Assignment:
Please retype the listing below exactly as it stands, skipping any pictures.

Raw data:
◇ ◇ ◇
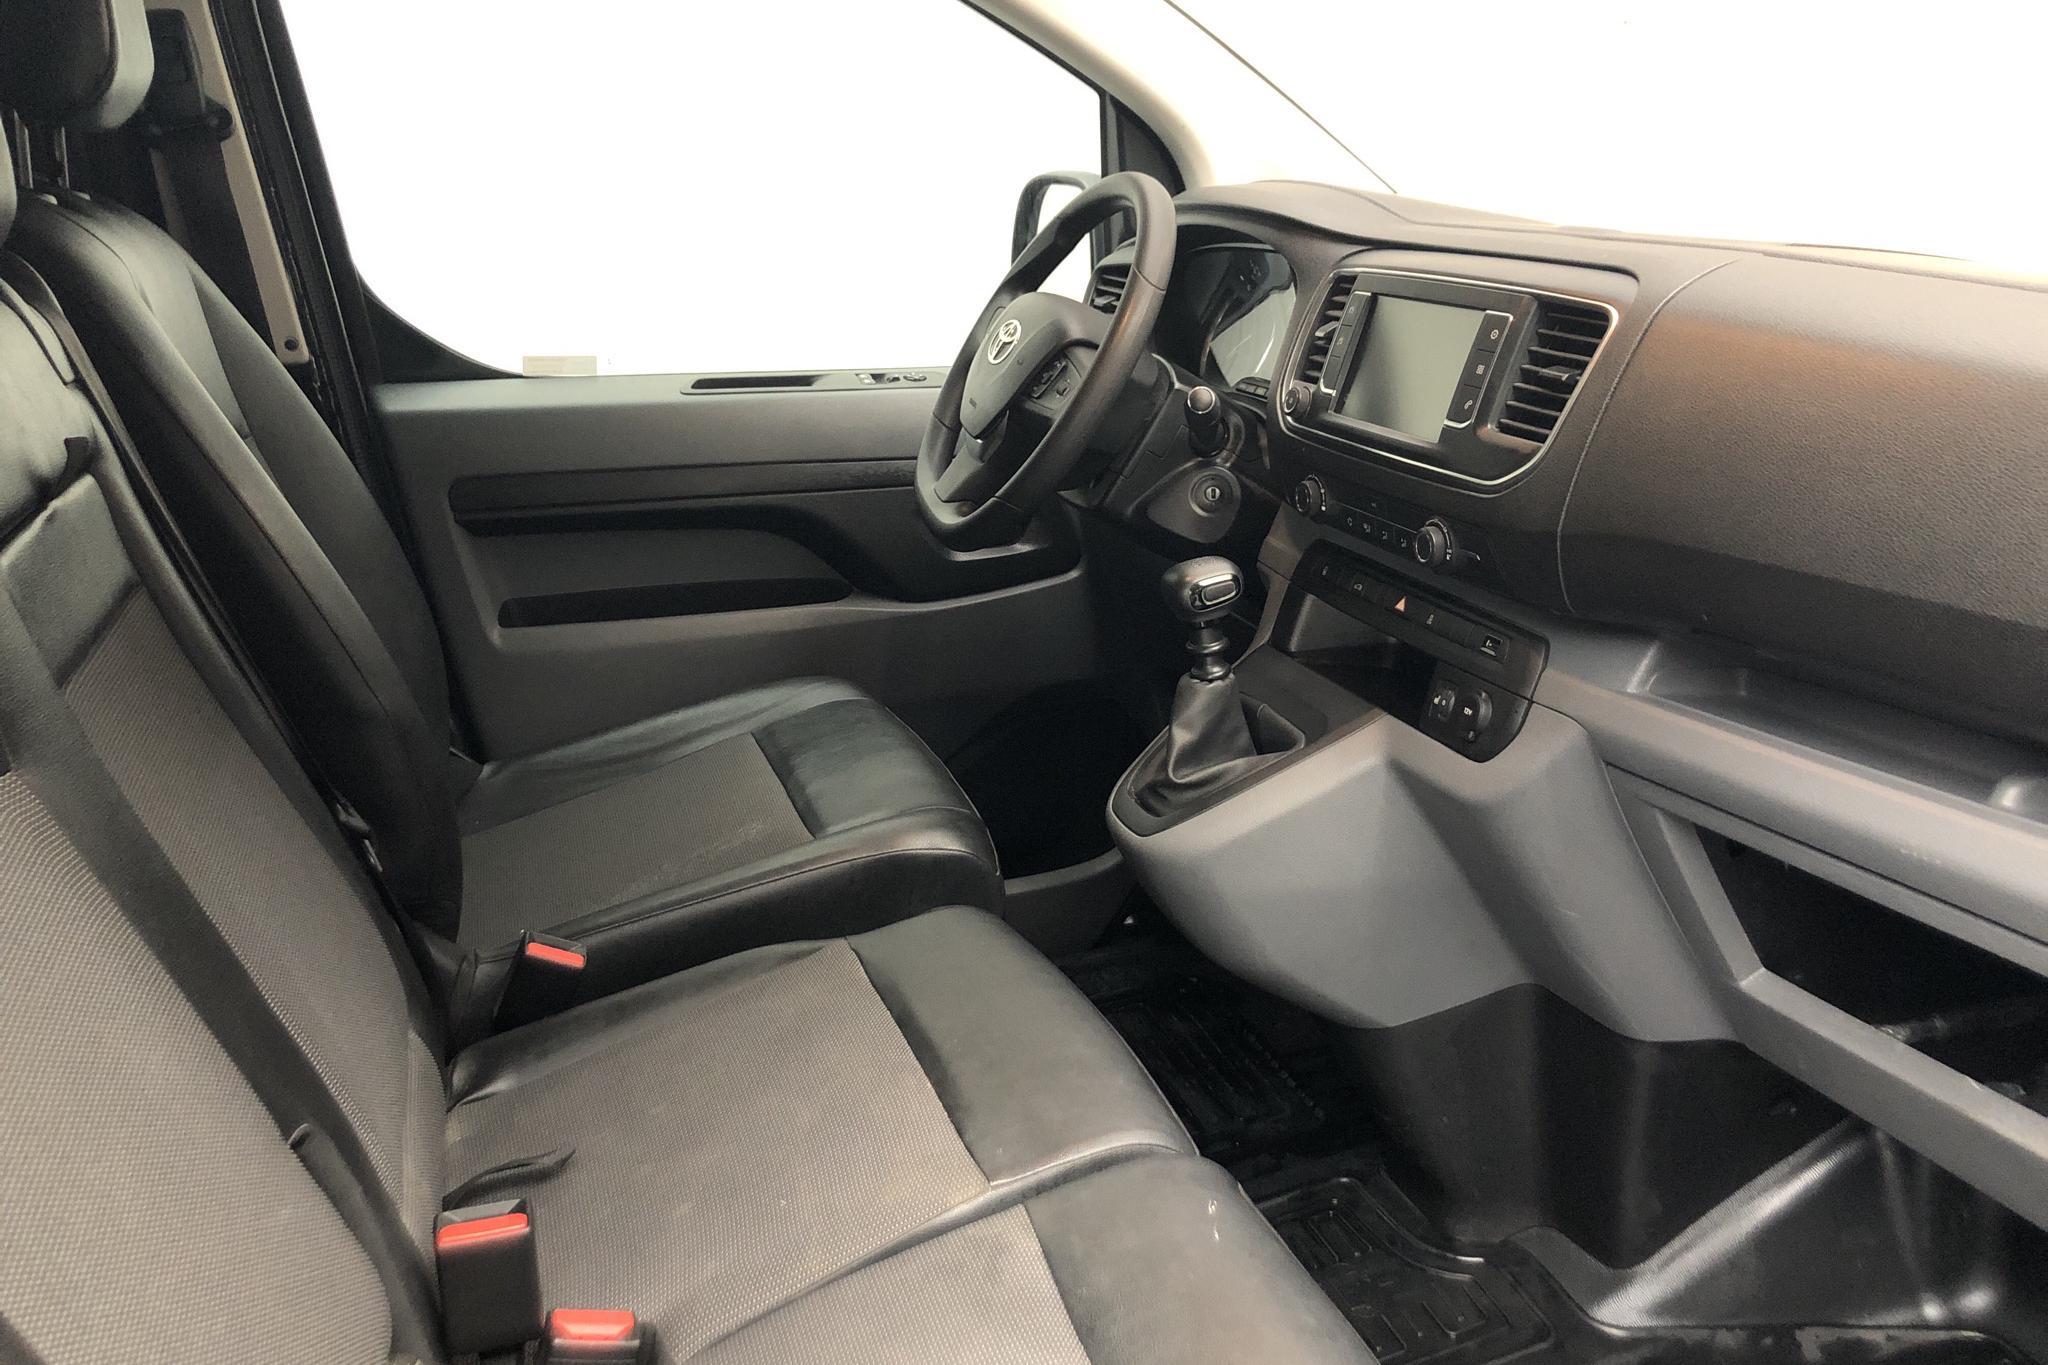 Toyota PROACE 2.0D (120hk) - 27 240 km - Manual - black - 2018
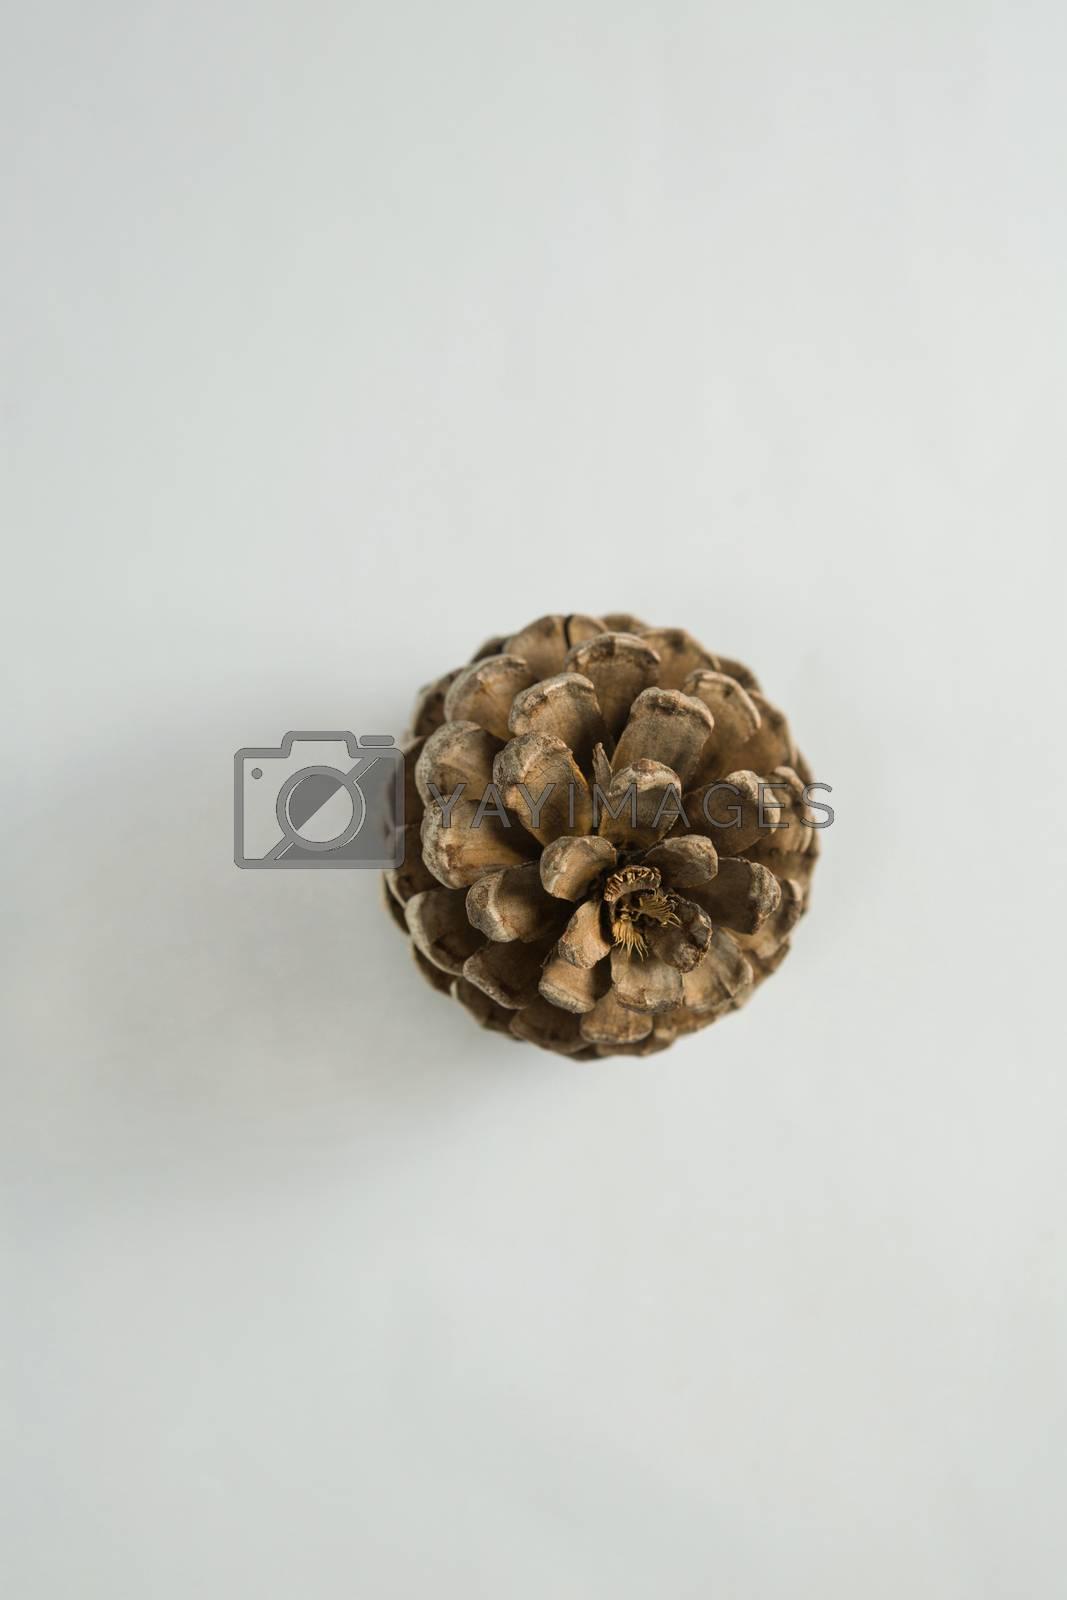 Pine cone on white background by Wavebreakmedia
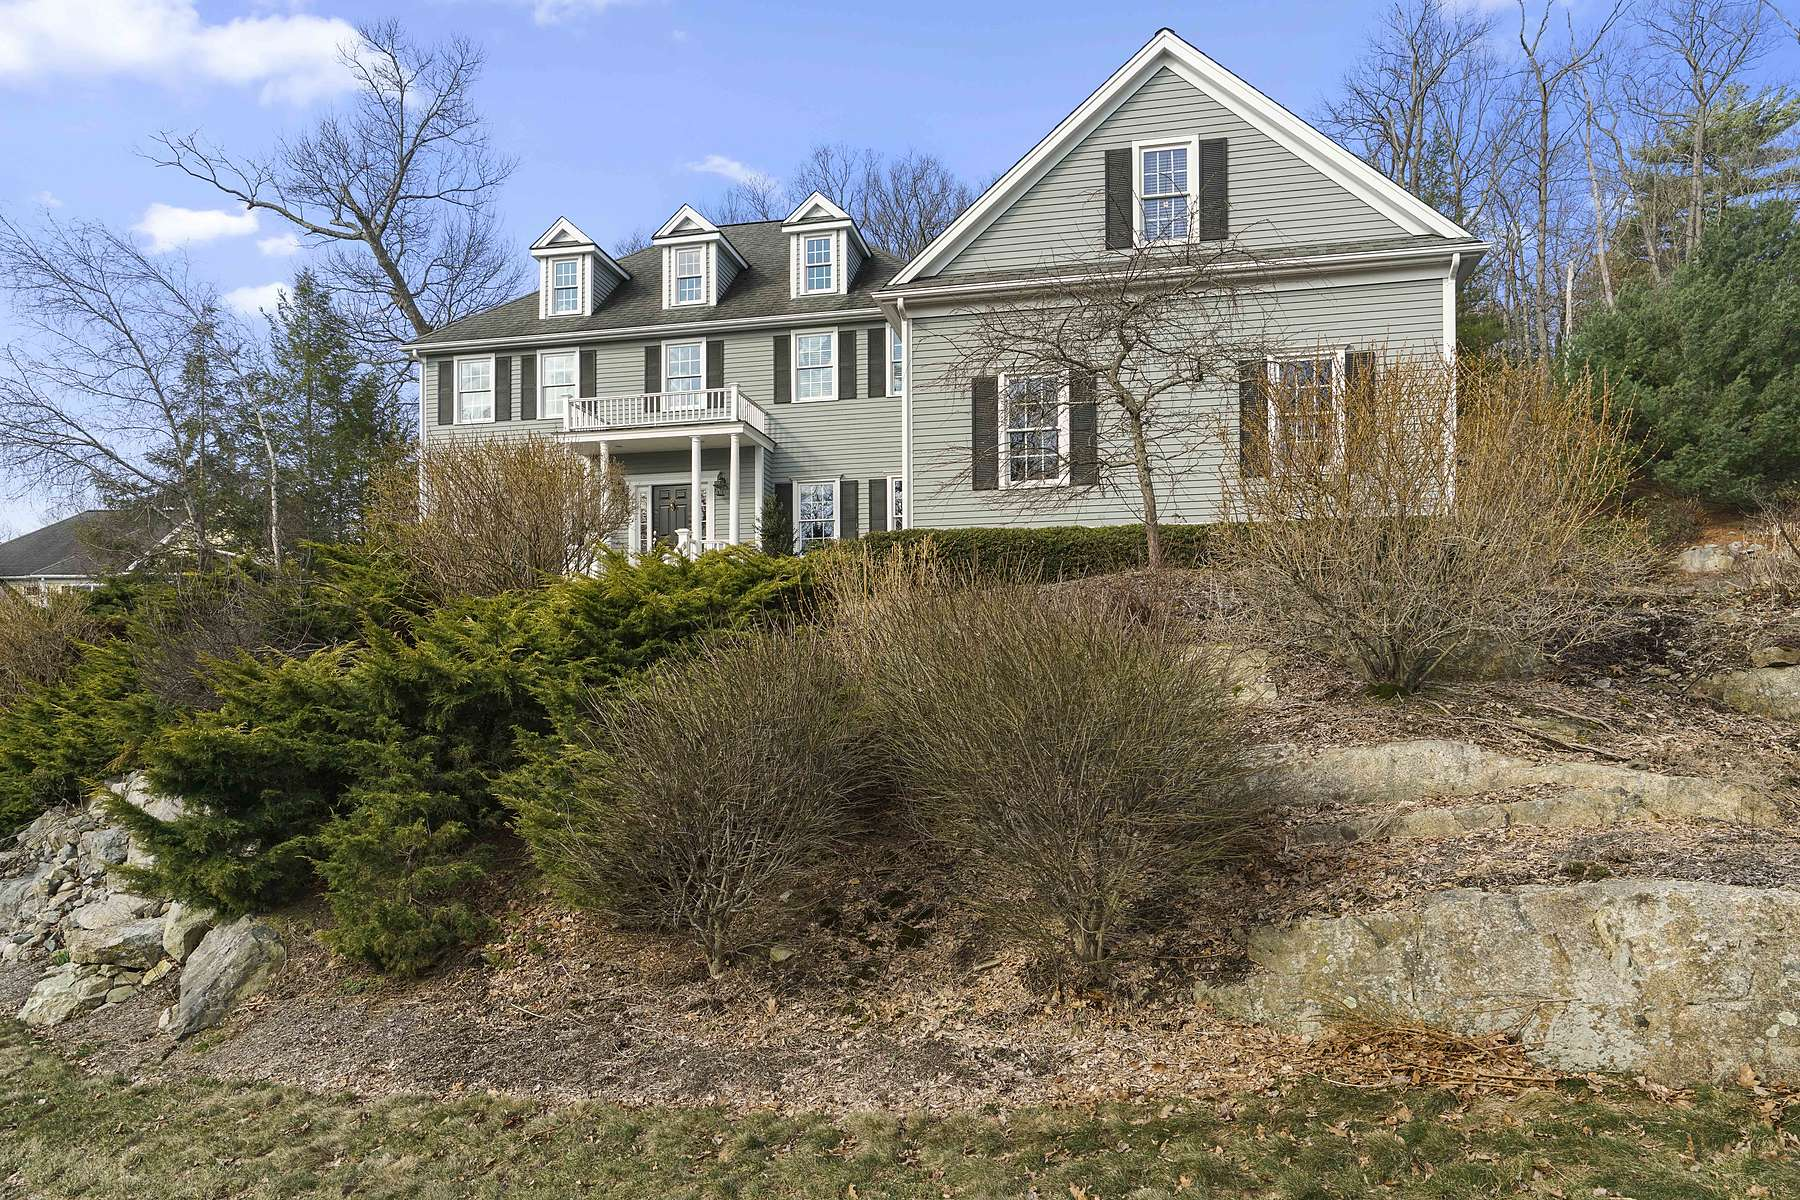 Single Family Home for Active at 30 Deerpath Road, Dedham 30 Deerpath Road Dedham, Massachusetts 02026 United States
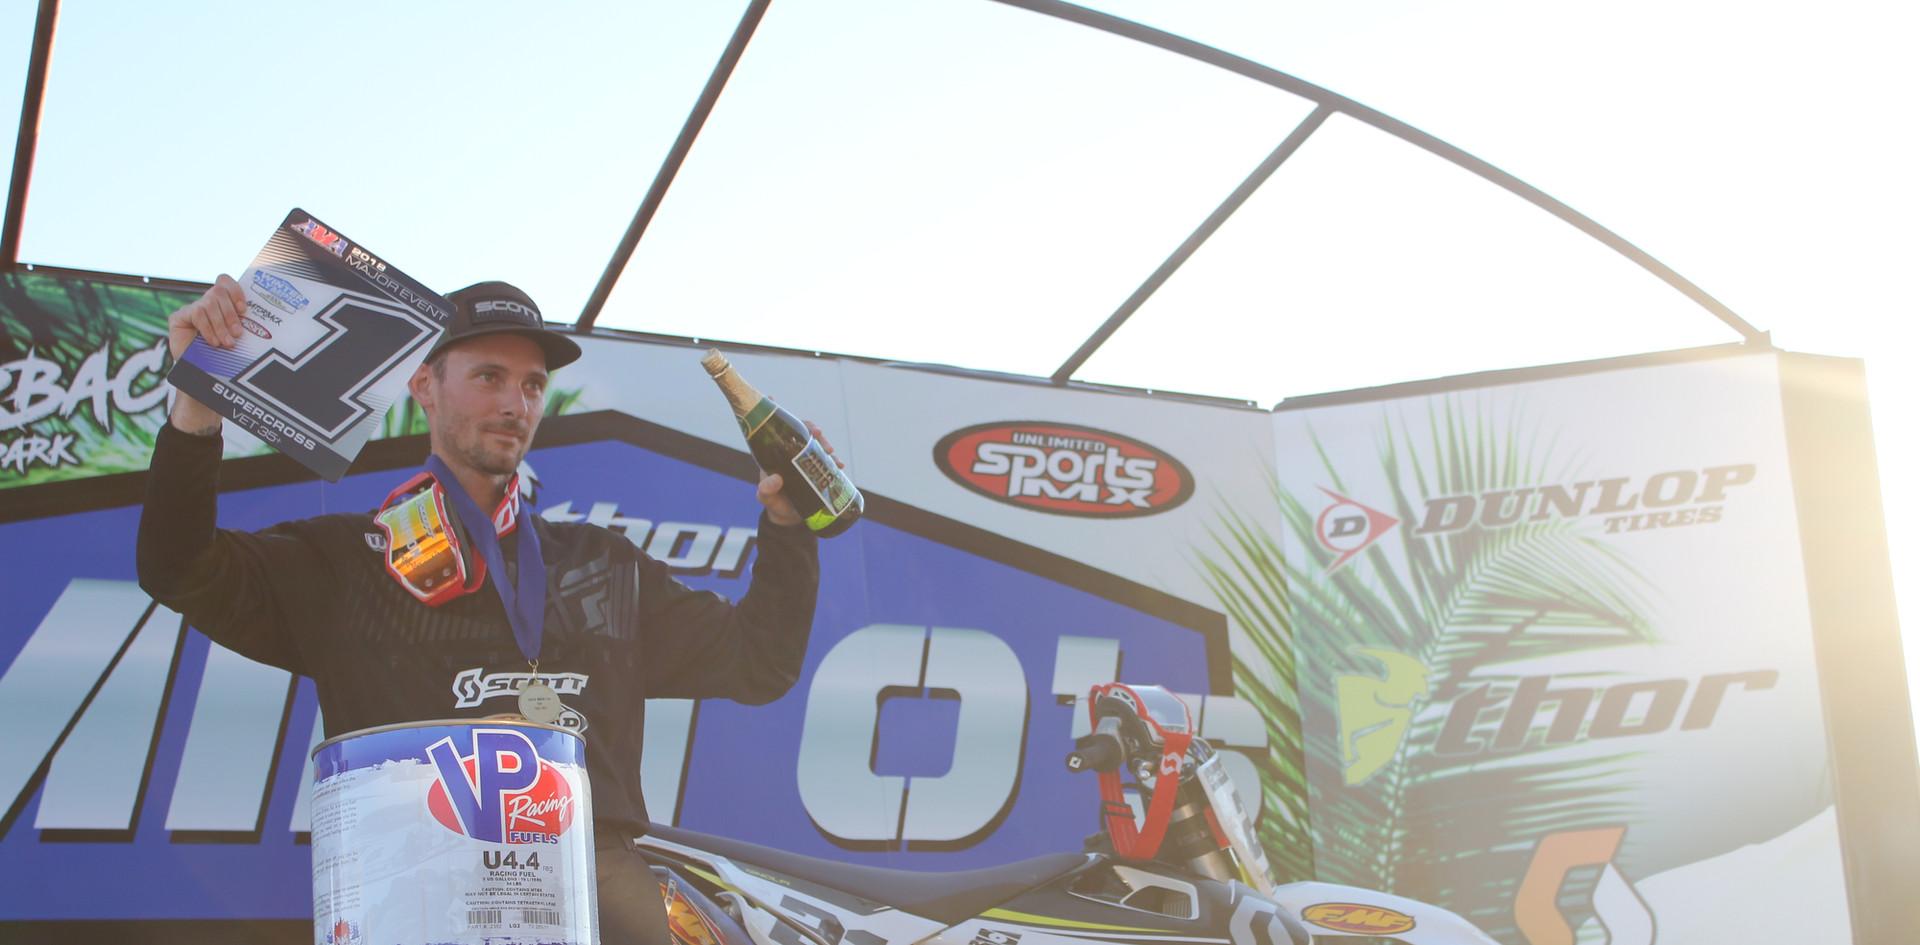 New champion on the podium
◇ ◇ ◇
Exercise result:
 Toyota PROACE 2.0D (120hk) - 27 240 km - Manual - black - 2018
 Pine cone on white background by Wavebreakmedia
 Single Family Home for Active at 30 Deerpath Road, Dedham 30 Deerpath Road Dedham, Massachusetts 02026 United States
 New champion on the podium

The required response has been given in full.